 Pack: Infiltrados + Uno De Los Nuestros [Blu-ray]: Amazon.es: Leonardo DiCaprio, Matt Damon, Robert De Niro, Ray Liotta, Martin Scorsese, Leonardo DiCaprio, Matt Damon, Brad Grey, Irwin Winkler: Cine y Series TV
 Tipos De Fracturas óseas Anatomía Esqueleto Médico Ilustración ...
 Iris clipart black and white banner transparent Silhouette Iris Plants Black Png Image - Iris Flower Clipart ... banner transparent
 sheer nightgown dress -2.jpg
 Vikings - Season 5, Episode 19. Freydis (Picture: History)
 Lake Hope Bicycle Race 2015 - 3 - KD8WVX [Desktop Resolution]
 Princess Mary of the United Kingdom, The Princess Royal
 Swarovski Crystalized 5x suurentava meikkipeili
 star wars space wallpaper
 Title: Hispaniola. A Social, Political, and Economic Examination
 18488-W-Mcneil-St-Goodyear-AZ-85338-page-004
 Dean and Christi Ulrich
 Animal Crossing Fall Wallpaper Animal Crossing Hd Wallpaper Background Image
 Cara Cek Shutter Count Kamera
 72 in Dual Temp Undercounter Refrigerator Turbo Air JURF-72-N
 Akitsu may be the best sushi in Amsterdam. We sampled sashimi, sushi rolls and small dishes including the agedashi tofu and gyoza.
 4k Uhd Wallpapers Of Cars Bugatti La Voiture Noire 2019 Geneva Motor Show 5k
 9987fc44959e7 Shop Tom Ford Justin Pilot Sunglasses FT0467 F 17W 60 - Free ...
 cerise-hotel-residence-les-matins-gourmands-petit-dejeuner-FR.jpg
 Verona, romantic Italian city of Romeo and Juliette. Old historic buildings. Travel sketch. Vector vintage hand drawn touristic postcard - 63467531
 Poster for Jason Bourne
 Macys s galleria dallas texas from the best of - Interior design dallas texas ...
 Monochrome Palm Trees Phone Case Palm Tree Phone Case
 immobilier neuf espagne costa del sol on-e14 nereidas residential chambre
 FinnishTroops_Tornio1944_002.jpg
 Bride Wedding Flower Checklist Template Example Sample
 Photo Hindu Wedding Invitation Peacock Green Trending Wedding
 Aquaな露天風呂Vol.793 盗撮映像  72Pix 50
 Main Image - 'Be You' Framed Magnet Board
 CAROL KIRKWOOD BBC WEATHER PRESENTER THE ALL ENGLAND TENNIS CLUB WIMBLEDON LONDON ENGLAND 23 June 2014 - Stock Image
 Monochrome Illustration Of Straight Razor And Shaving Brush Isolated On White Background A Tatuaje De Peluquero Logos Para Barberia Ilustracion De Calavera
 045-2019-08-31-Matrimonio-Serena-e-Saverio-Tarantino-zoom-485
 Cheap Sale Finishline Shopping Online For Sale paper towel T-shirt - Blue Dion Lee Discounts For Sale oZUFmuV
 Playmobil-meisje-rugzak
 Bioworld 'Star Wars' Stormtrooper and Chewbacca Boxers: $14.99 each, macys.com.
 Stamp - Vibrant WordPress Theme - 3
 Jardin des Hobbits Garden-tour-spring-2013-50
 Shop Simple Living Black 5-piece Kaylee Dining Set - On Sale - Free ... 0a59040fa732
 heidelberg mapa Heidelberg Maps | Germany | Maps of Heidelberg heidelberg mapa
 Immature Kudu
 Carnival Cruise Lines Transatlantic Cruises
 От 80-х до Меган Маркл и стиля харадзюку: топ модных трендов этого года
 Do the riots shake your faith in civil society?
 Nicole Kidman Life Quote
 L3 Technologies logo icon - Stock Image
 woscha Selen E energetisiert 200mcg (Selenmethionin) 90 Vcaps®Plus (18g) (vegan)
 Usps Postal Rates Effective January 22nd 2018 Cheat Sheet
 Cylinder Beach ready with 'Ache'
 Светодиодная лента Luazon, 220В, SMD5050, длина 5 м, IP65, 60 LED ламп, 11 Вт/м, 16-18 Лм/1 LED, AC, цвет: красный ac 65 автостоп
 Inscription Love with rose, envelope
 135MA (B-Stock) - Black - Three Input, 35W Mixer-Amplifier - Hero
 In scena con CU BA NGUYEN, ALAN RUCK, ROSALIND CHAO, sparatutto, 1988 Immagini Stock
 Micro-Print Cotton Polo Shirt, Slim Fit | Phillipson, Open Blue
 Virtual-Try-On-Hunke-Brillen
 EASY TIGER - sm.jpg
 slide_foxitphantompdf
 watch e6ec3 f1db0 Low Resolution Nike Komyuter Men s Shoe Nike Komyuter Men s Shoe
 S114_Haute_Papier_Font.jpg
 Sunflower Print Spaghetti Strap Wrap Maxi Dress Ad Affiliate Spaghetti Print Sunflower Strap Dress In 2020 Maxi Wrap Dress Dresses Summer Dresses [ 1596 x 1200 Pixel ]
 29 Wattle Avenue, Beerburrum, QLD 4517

--- --- ---

Write out the entries verbatim, all of them.

> **Finished exercise**
 Pack: Infiltrados + Uno De Los Nuestros [Blu-ray]: Amazon.es: Leonardo DiCaprio, Matt Damon, Robert De Niro, Ray Liotta, Martin Scorsese, Leonardo DiCaprio, Matt Damon, Brad Grey, Irwin Winkler: Cine y Series TV
 Tipos De Fracturas óseas Anatomía Esqueleto Médico Ilustración ...
 Iris clipart black and white banner transparent Silhouette Iris Plants Black Png Image - Iris Flower Clipart ... banner transparent
 sheer nightgown dress -2.jpg
 Vikings - Season 5, Episode 19. Freydis (Picture: History)
 Lake Hope Bicycle Race 2015 - 3 - KD8WVX [Desktop Resolution]
 Princess Mary of the United Kingdom, The Princess Royal
 Swarovski Crystalized 5x suurentava meikkipeili
 star wars space wallpaper
 Title: Hispaniola. A Social, Political, and Economic Examination
 18488-W-Mcneil-St-Goodyear-AZ-85338-page-004
 Dean and Christi Ulrich
 Animal Crossing Fall Wallpaper Animal Crossing Hd Wallpaper Background Image
 Cara Cek Shutter Count Kamera
 72 in Dual Temp Undercounter Refrigerator Turbo Air JURF-72-N
 Akitsu may be the best sushi in Amsterdam. We sampled sashimi, sushi rolls and small dishes including the agedashi tofu and gyoza.
 4k Uhd Wallpapers Of Cars Bugatti La Voiture Noire 2019 Geneva Motor Show 5k
 9987fc44959e7 Shop Tom Ford Justin Pilot Sunglasses FT0467 F 17W 60 - Free ...
 cerise-hotel-residence-les-matins-gourmands-petit-dejeuner-FR.jpg
 Verona, romantic Italian city of Romeo and Juliette. Old historic buildings. Travel sketch. Vector vintage hand drawn touristic postcard - 63467531
 Poster for Jason Bourne
 Macys s galleria dallas texas from the best of - Interior design dallas texas ...
 Monochrome Palm Trees Phone Case Palm Tree Phone Case
 immobilier neuf espagne costa del sol on-e14 nereidas residential chambre
 FinnishTroops_Tornio1944_002.jpg
 Bride Wedding Flower Checklist Template Example Sample
 Photo Hindu Wedding Invitation Peacock Green Trending Wedding
 Aquaな露天風呂Vol.793 盗撮映像  72Pix 50
 Main Image - 'Be You' Framed Magnet Board
 CAROL KIRKWOOD BBC WEATHER PRESENTER THE ALL ENGLAND TENNIS CLUB WIMBLEDON LONDON ENGLAND 23 June 2014 - Stock Image
 Monochrome Illustration Of Straight Razor And Shaving Brush Isolated On White Background A Tatuaje De Peluquero Logos Para Barberia Ilustracion De Calavera
 045-2019-08-31-Matrimonio-Serena-e-Saverio-Tarantino-zoom-485
 Cheap Sale Finishline Shopping Online For Sale paper towel T-shirt - Blue Dion Lee Discounts For Sale oZUFmuV
 Playmobil-meisje-rugzak
 Bioworld 'Star Wars' Stormtrooper and Chewbacca Boxers: $14.99 each, macys.com.
 Stamp - Vibrant WordPress Theme - 3
 Jardin des Hobbits Garden-tour-spring-2013-50
 Shop Simple Living Black 5-piece Kaylee Dining Set - On Sale - Free ... 0a59040fa732
 heidelberg mapa Heidelberg Maps | Germany | Maps of Heidelberg heidelberg mapa
 Immature Kudu
 Carnival Cruise Lines Transatlantic Cruises
 От 80-х до Меган Маркл и стиля харадзюку: топ модных трендов этого года
 Do the riots shake your faith in civil society?
 Nicole Kidman Life Quote
 L3 Technologies logo icon - Stock Image
 woscha Selen E energetisiert 200mcg (Selenmethionin) 90 Vcaps®Plus (18g) (vegan)
 Usps Postal Rates Effective January 22nd 2018 Cheat Sheet
 Cylinder Beach ready with 'Ache'
 Светодиодная лента Luazon, 220В, SMD5050, длина 5 м, IP65, 60 LED ламп, 11 Вт/м, 16-18 Лм/1 LED, AC, цвет: красный ac 65 автостоп
 Inscription Love with rose, envelope
 135MA (B-Stock) - Black - Three Input, 35W Mixer-Amplifier - Hero
 In scena con CU BA NGUYEN, ALAN RUCK, ROSALIND CHAO, sparatutto, 1988 Immagini Stock
 Micro-Print Cotton Polo Shirt, Slim Fit | Phillipson, Open Blue
 Virtual-Try-On-Hunke-Brillen
 EASY TIGER - sm.jpg
 slide_foxitphantompdf
 watch e6ec3 f1db0 Low Resolution Nike Komyuter Men s Shoe Nike Komyuter Men s Shoe
 S114_Haute_Papier_Font.jpg
 Sunflower Print Spaghetti Strap Wrap Maxi Dress Ad Affiliate Spaghetti Print Sunflower Strap Dress In 2020 Maxi Wrap Dress Dresses Summer Dresses [ 1596 x 1200 Pixel ]
 29 Wattle Avenue, Beerburrum, QLD 4517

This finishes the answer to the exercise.